Ucapan papa sangat kokoh dipikiranku dan berkobar
di naluriku, bagaimana hidup jujur diterapkan dalam kehidupan
sehari-hari. Ucapan papa terlahir dari kebiasaannya di proyek melihat
penyimpangan yang banyak terjadi. “Apa-apa uang, tanda tangan
proyek uang, waach bagaimana mutu proyek itu bisa baik kalau uangnya
hanya dipakai sebagai ‘uang sogokan’ dan patuh kepada kontraktor?”,
cetus papaku yang sedang jengkel kala seorang kontraktor gelisa karena
uang dalam emplop tidak diambil papaku. Benar, papaku selalu terjun
dalam uang puluhan milyar sampai ratusan milyar dalam sebuah proyek.
Papa pernah bekerja di Gorontalo – MinSel – BolMong – Manado - Minahasa
dan terakhir di Ring Road II, MinUt. Tapi apakah keluarga kami (Keluarga
Heydemans-Maramis) adalah seorang kaya di Manado? Tidak, kami hidup
dalam keluarga yang pas-pasan. Tidak berlebihan dan tidak berkekurangan.

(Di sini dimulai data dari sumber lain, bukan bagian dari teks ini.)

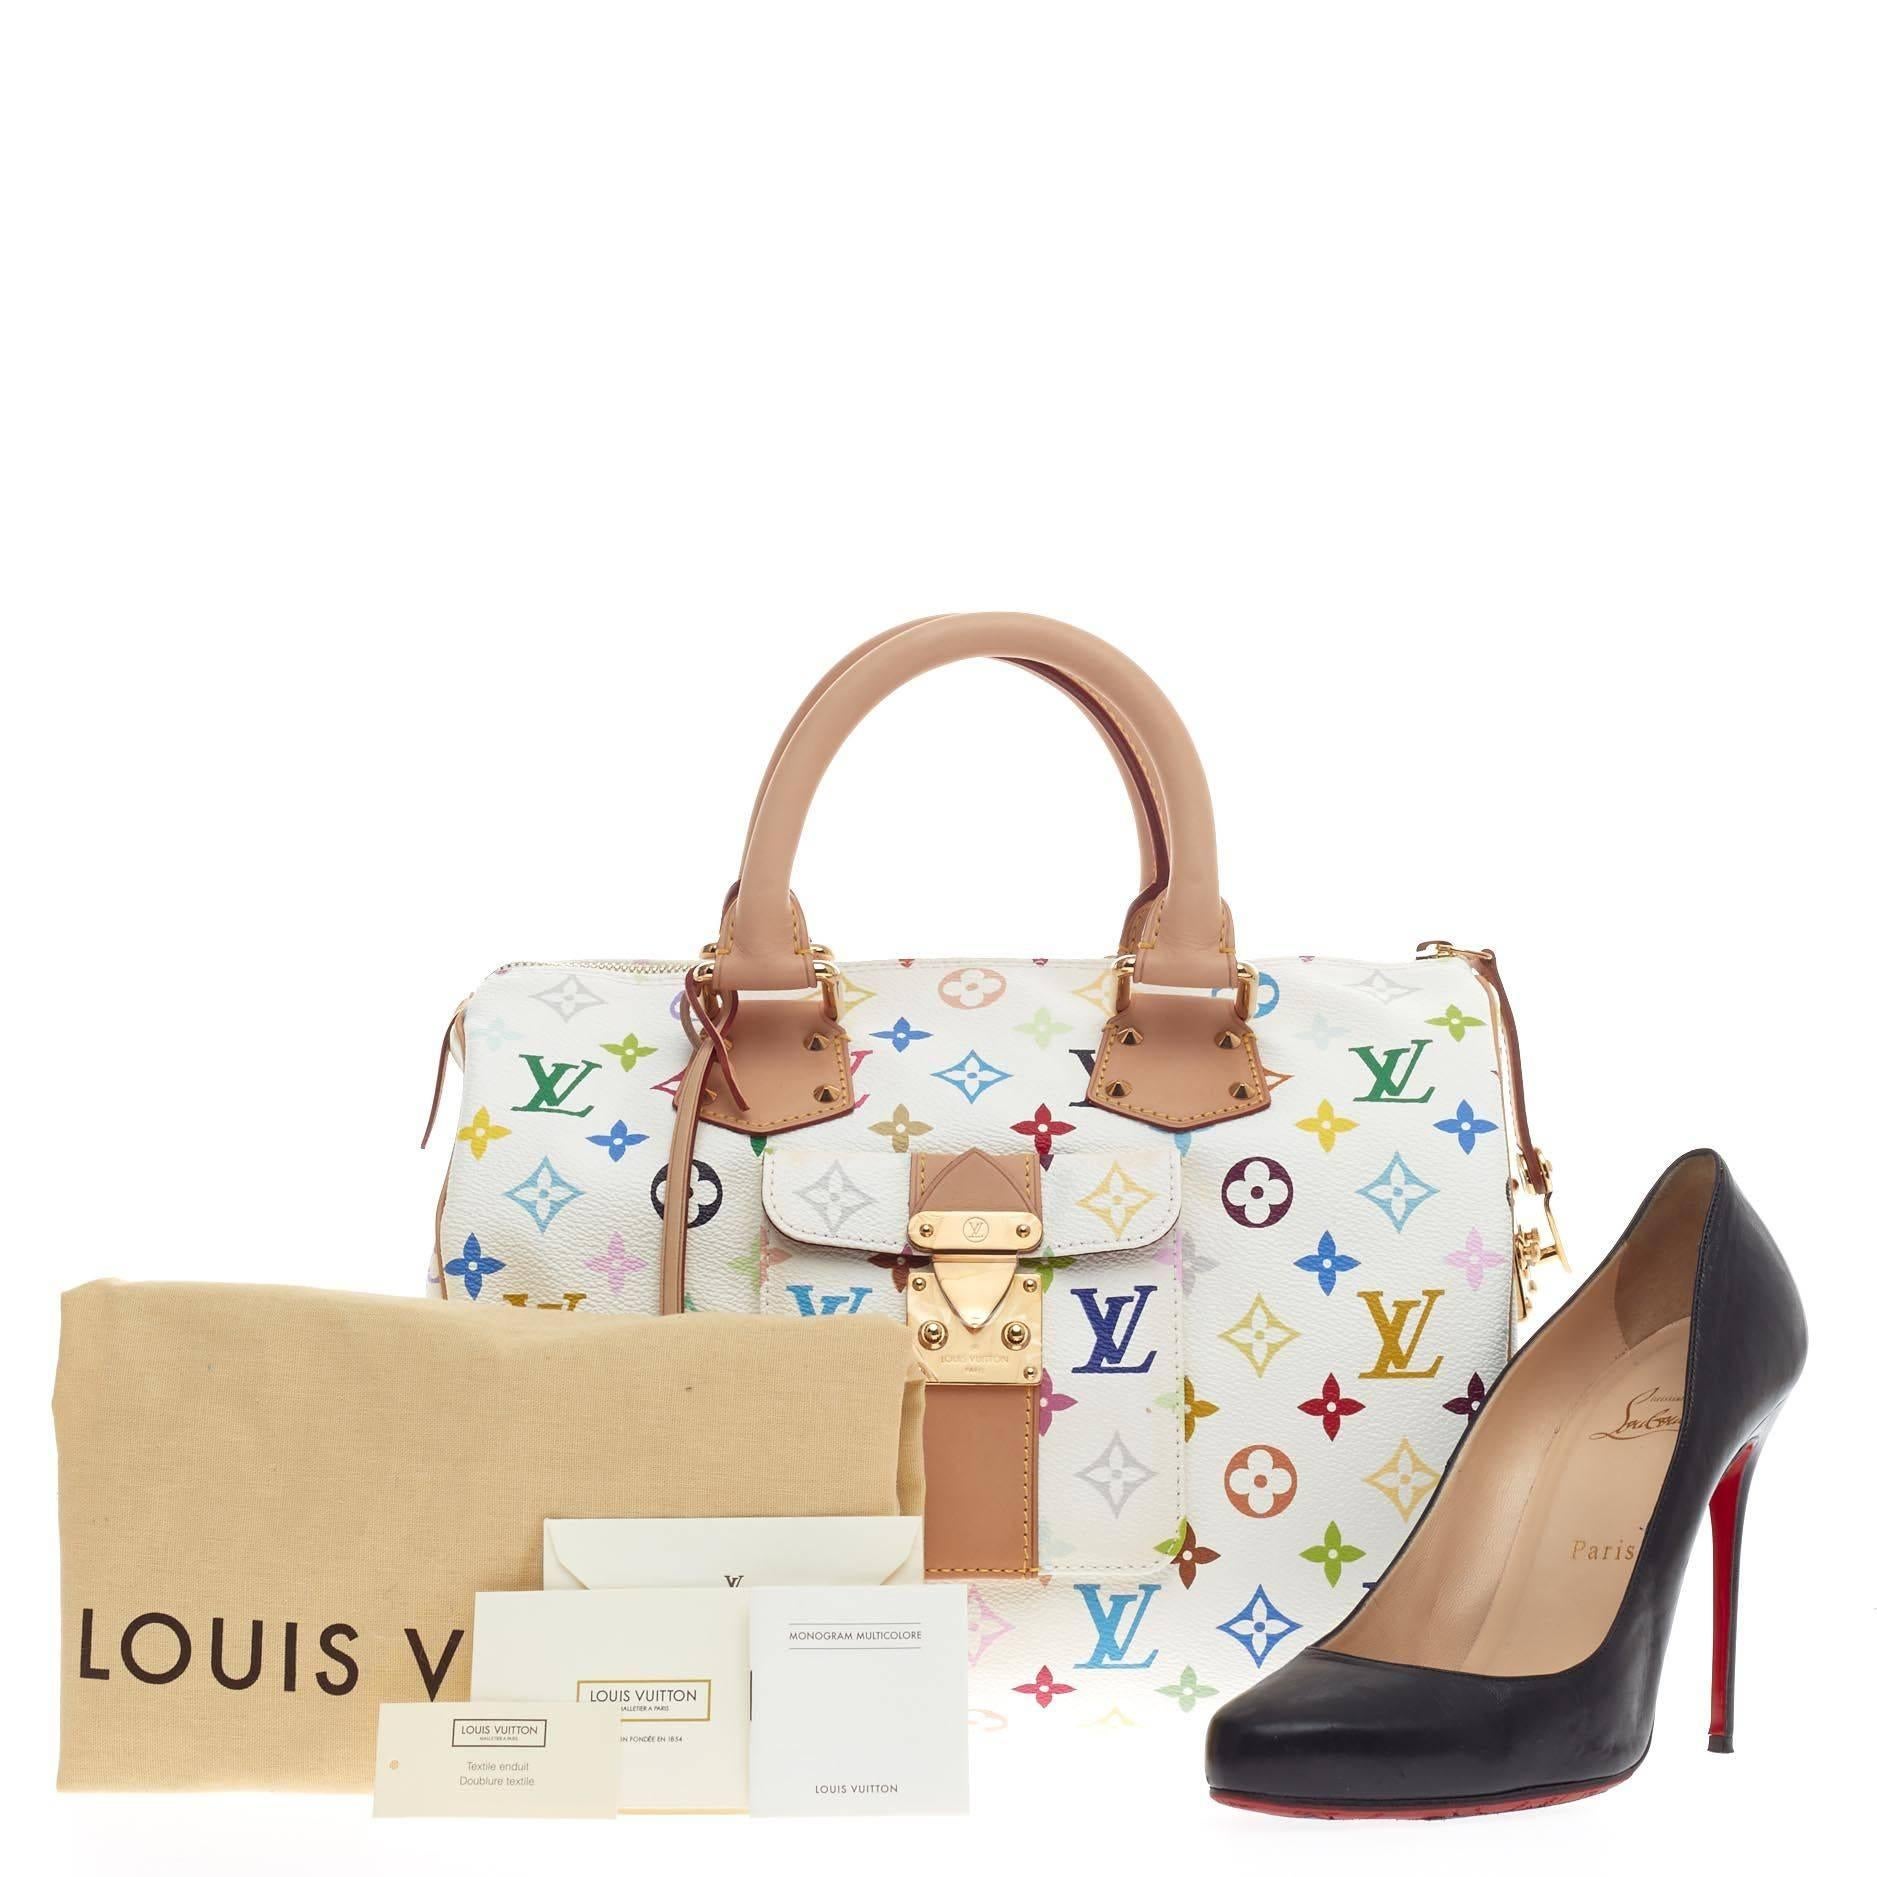 This authentic Louis Vuitton Speedy Monogram Multicolor 30 is vibrant and elegant, made for a sophisticated traveling fashionista. Crafted with Louis Vuitton’s signature white monogram multicolor coated canvas, this iconic bag features a front flap

Ya cukup! Seperti kata Yesus “Hiduplah dalam kecukupan maka Tuhan akan
memberkatimu”. Kata Yesus dipraktekkan dalam hidup papaku. Sungguh aku
termotivasi memaknai hidup yang bercukupan dengan mensyukuri berkat
Tuhan dalam keluarga kami.
Bulan November tulisan ini
di tulis. Bulan di mana saya terjun dalam pelayanan jemaat. Aku
berharap bisa menaladani Yesus dalam tugas panggilan gereja dan
bagaimana meneladani sosok papa yang memberikan kontribusi berharga bagi
dunia (proyek) dan keluarga. Saudara/iku, marilah kita menebar kasih,
kejujuran dan keadilan di muka bumi ini. Meskipun terkadang sulit bahkan
dikucilkan/dipecat oleh institusi/gereja tapi percayalah kehidupan kita
sementara di uji untuk melawan arus atau ikut arus. Akhir kata, saya
berkembang dengan ucapan papa yang sarat makna.
Manado, 1 November 2011
Anakmu, Nency A. Heydemans-Maramis*
*Maaf
papa, saya memakai marga mama (Maramis). Pikirku, agar supaya terjadi
keadilan marga dalam keluarga. Semoga saya dimaafkan.